To that end, Israel was obligated to take all possible measures to prevent the commission of acts under Article II of the Genocide Convention, including by its military; prevent and punish “the direct and public incitement to genocide” against the Palestinian populace in Gaza; permit basic services and humanitarian assistance to the Gaza Strip; ensure the preservation of, and prevent destruction of, evidence related to acts committed against Gaza’s Palestinians within Articles II and III of the Convention; and submit a report to the ICJ on how Israel was abiding by such provisional measures within one month.

As is very much the form, the justice from the country in the dock, in this case, Israel’s Aharon Barak, could see nothing inferentially genocidal in his country’s campaign. South Africa, he insisted, had intentionally ignored the role played by Hamas in its October 7 attacks, and “wrongly sought to impute the crime of Cain to Abel.”

-ADVERTISEMENT-

Inevitably, the singular experience of the Holocaust survivor, the sui generis Jewish view of trauma, used as solid armour against any possibility that Israel might ever commit genocide, became a point of contention. Genocide “is the gravest possible accusation and is deeply intertwined with my personal life experience.” Israel had a firm commitment to the rule of law, and to accept that it was committing genocide “is very hard for me personally”. Tellingly, he suggested that Israel’s campaign in Gaza be examined, not from the viewpoint of the Genocide Convention but international humanitarian law.

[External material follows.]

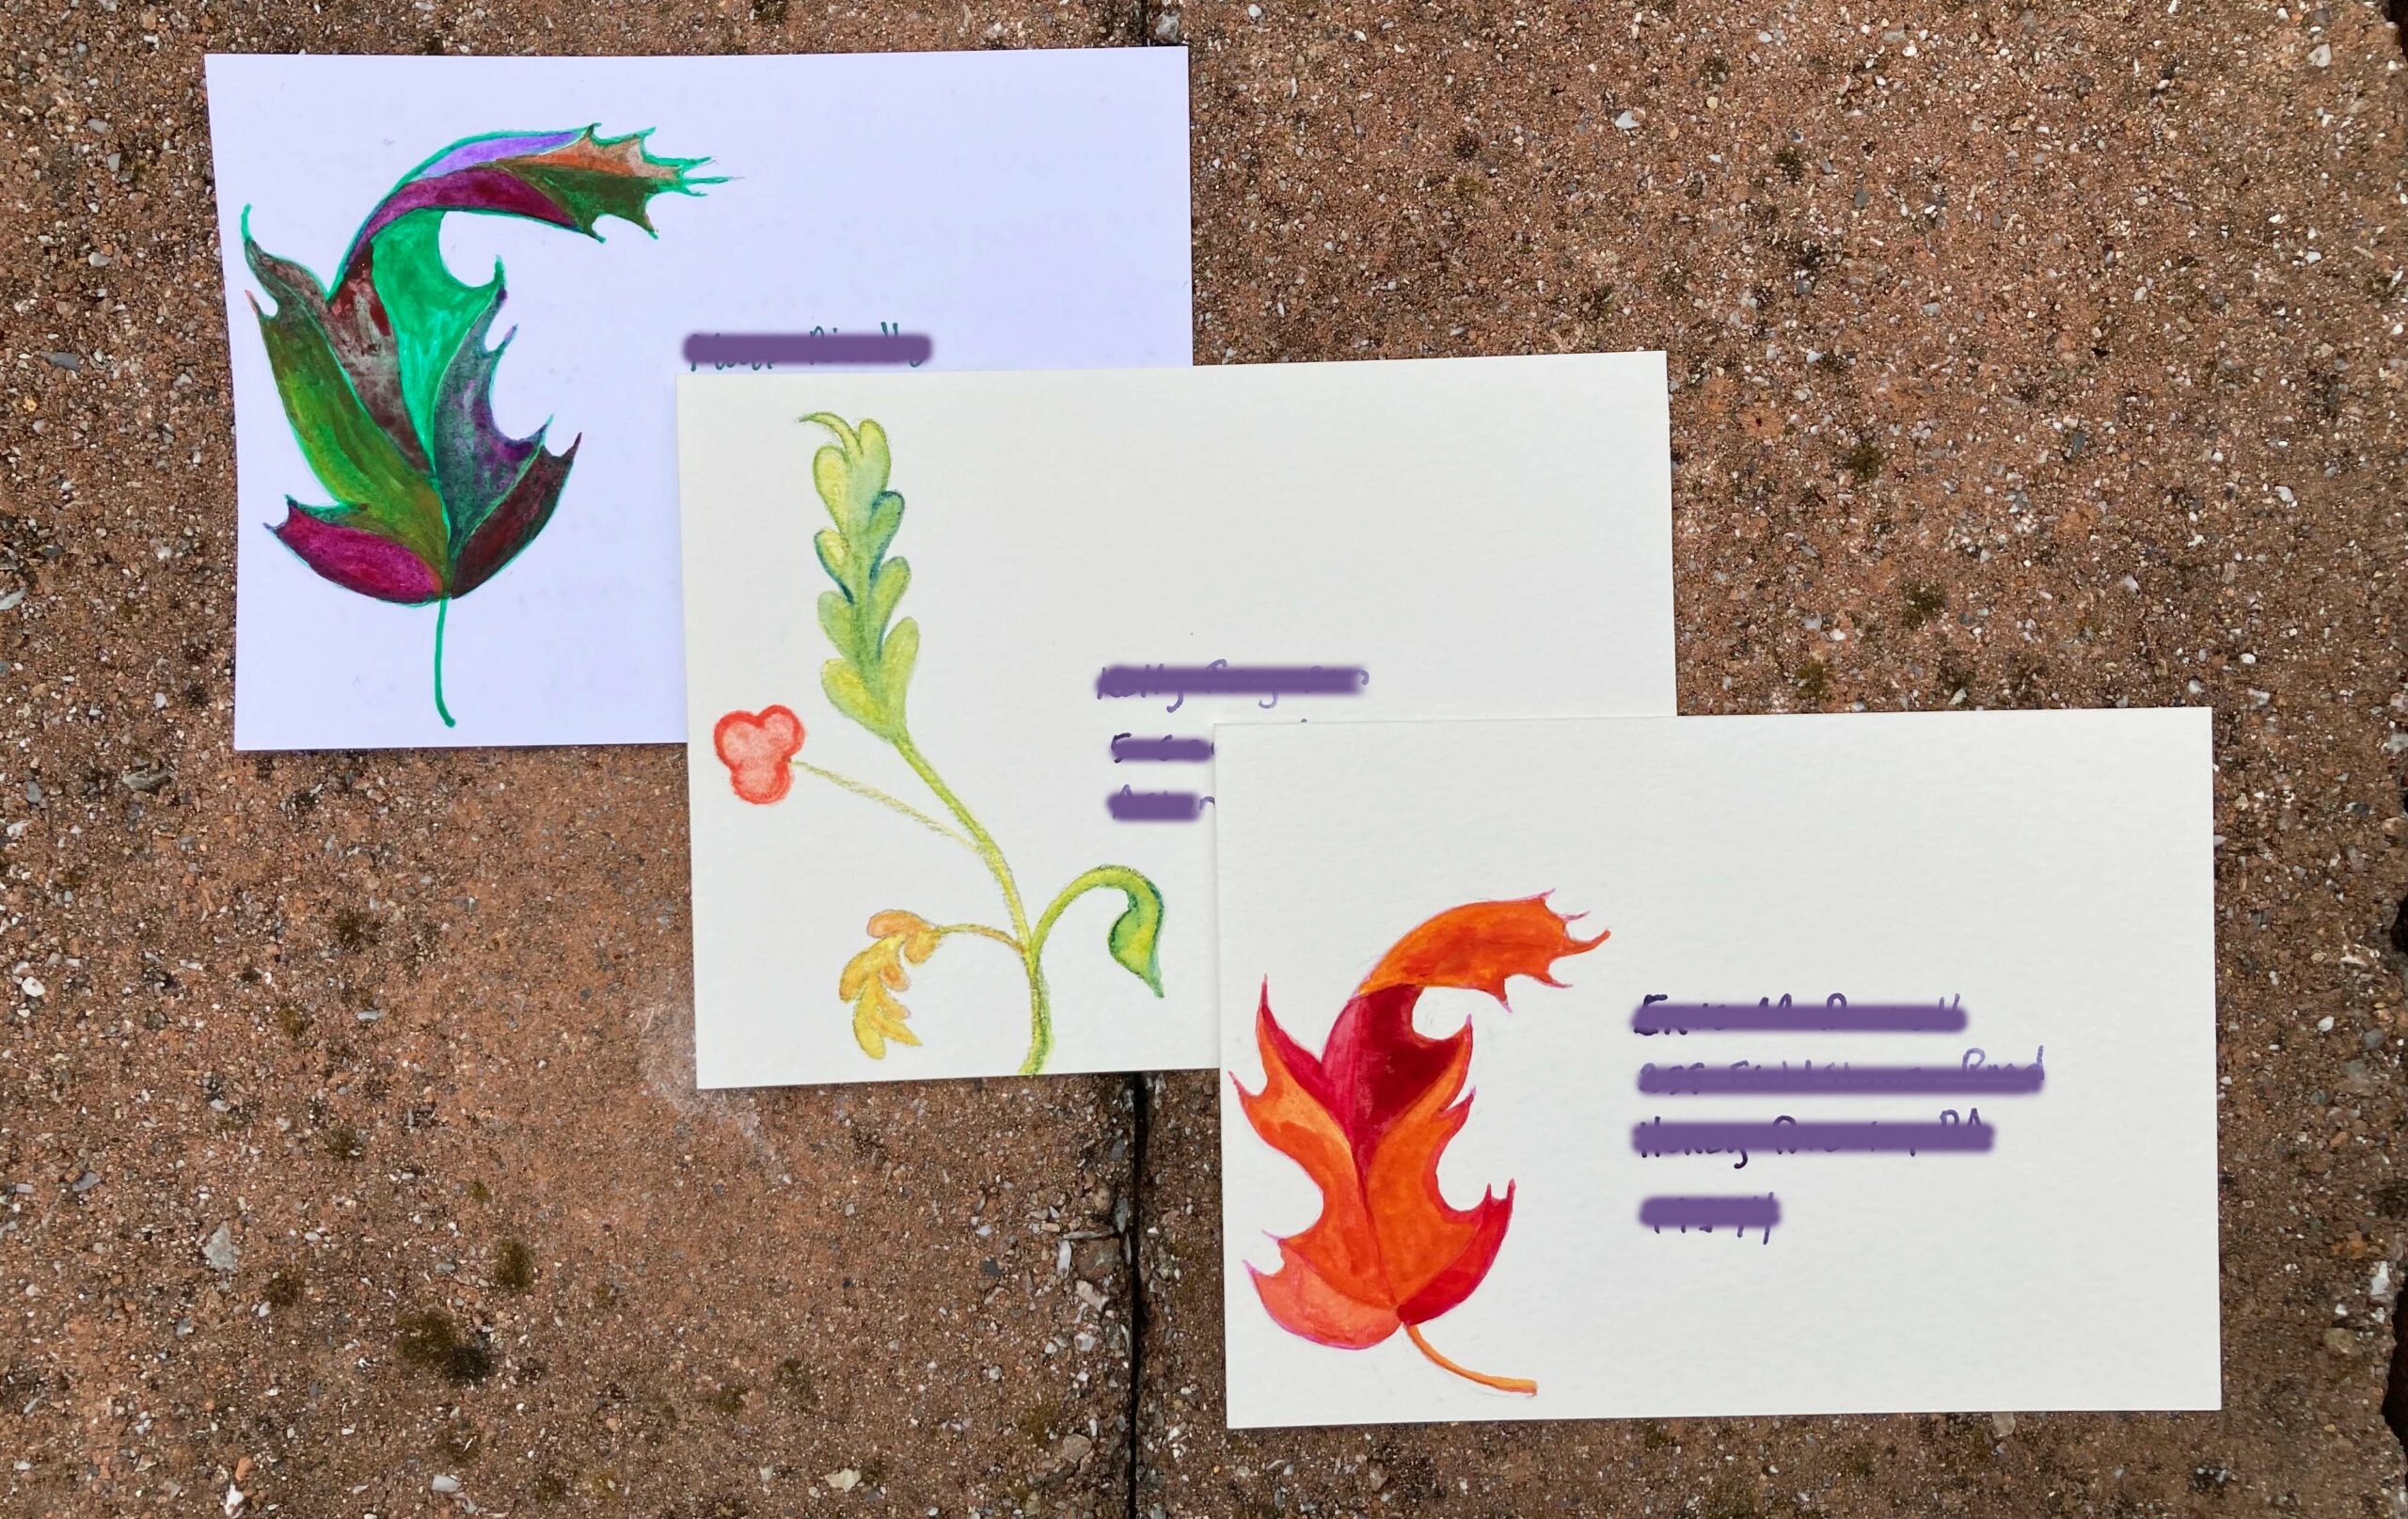 Three postcards on a brick wall, address side up, in a cascade from top left to bottom right. The first has a fall oak leaf with disparate colors (green, dark crimson, gold, purple), the second a stylized floral motif, and the third another leaf, this time in gold, orange, and crimson. The recipient information is obscured.

With classic casuistry, Barak did vote for the measure requiring Israel to do everything “within its power to prevent and punish the direct and public incitement to commit genocide in relation to members of the Palestinian group in the Gaza strip.” But having identified nothing in the way of such intent, the issue became a moot one. With some relief, Barak could state that certain measures sought by South Africa, including an immediate suspension of military operations, were rejected by the ICJ, which preferred “a significantly narrower scope”.

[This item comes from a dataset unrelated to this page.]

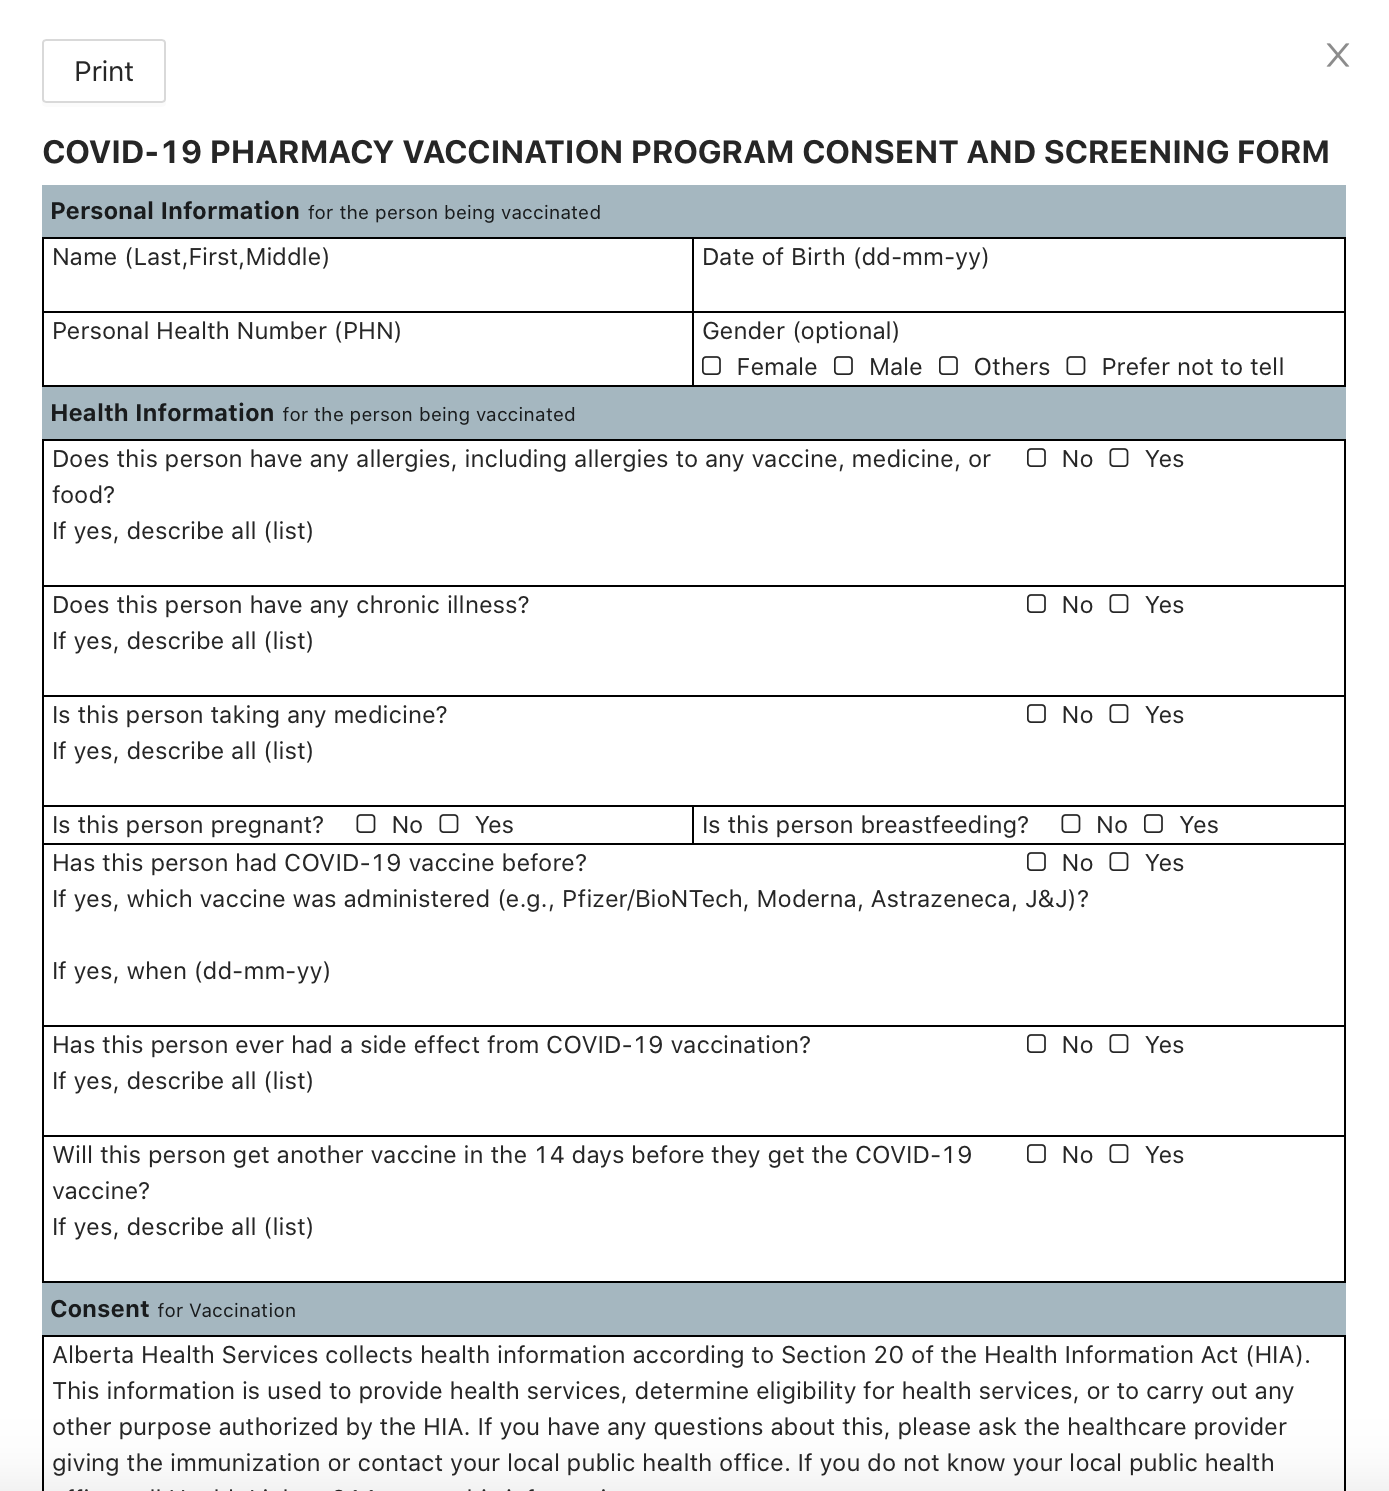 Covid-19 Vaccination screening and consent form

From the other side of the legal aisle, the South African foreign minister, Naledi Pandor, wished that the ICJ had grasped the nettle to order a halt in military operations. But, with some deft reasoning, she was satisfied that the only way Israel could implement the provisional measures would be through a ceasefire. Much the same view was expressed by the Associated Press: “The court’s half-dozen orders will be difficult to achieve without some sort of cease-fire or pause in the fighting.” That logic is clear enough, but the actions, given the various statements from Prime Minister Benjamin Netanyahu and his officials alleging slander and a blood libel against their country, are unlikely to follow.